■ ACTIVITY ■
Every line of the records must be repeated exactly; pictures stay out.

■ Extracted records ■
━━━━
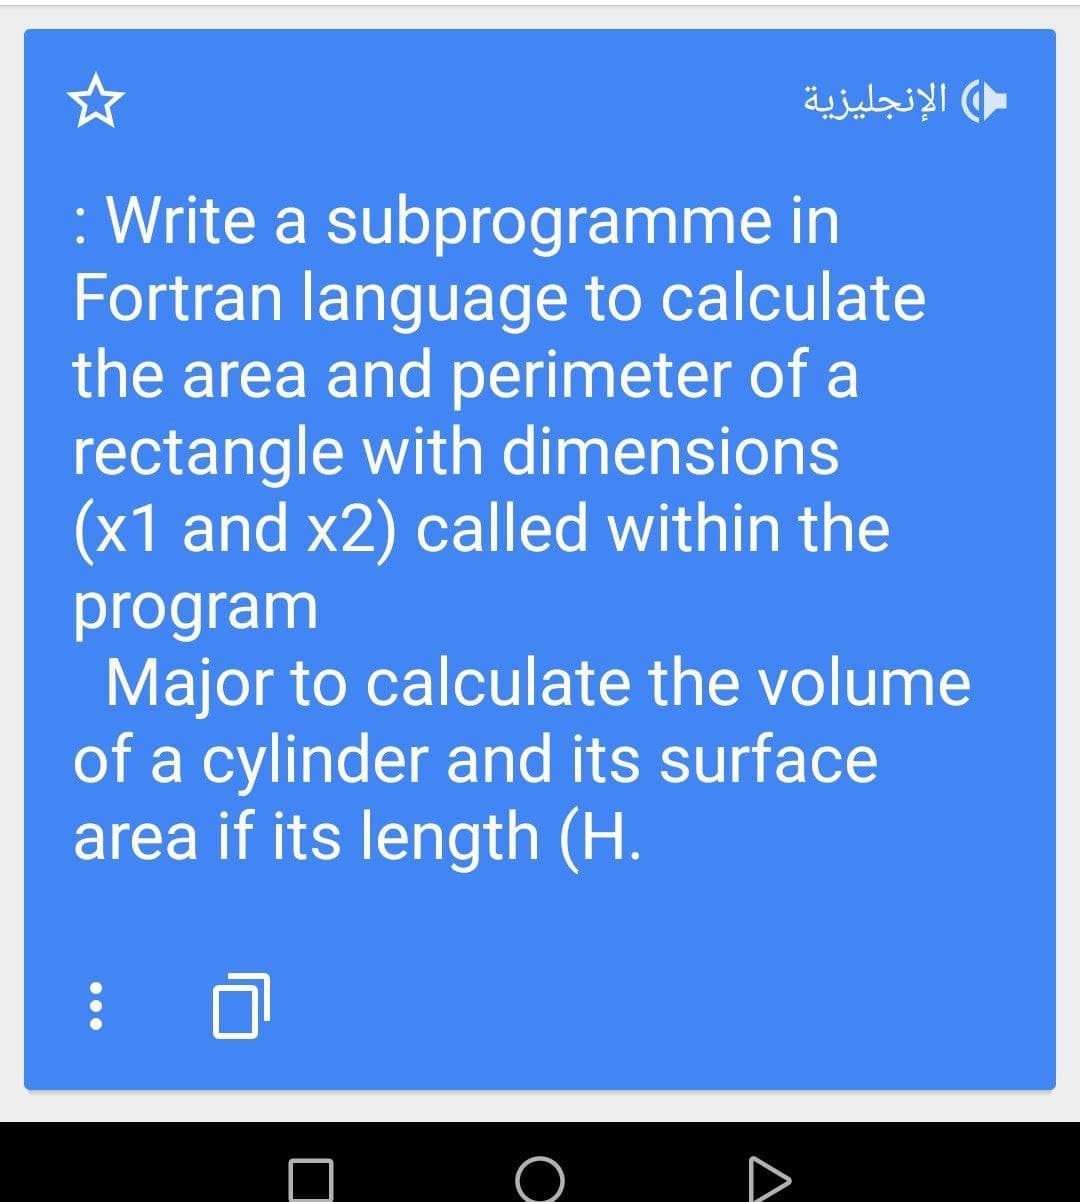 الإنجليزية
: Write a subprogramme in
Fortran language to calculate
the area and perimeter of a
rectangle with dimensions
(x1 and x2) called within the
program
Major to calculate the volume
of a cylinder and its surface
area if its length (H.
━━━━
■ RESPONSE ■
 الإنجليزية
: Write a subprogramme in
Fortran language to calculate
the area and perimeter of a
rectangle with dimensions
(x1 and x2) called within the
program
Major to calculate the volume
of a cylinder and its surface
area if its length (H.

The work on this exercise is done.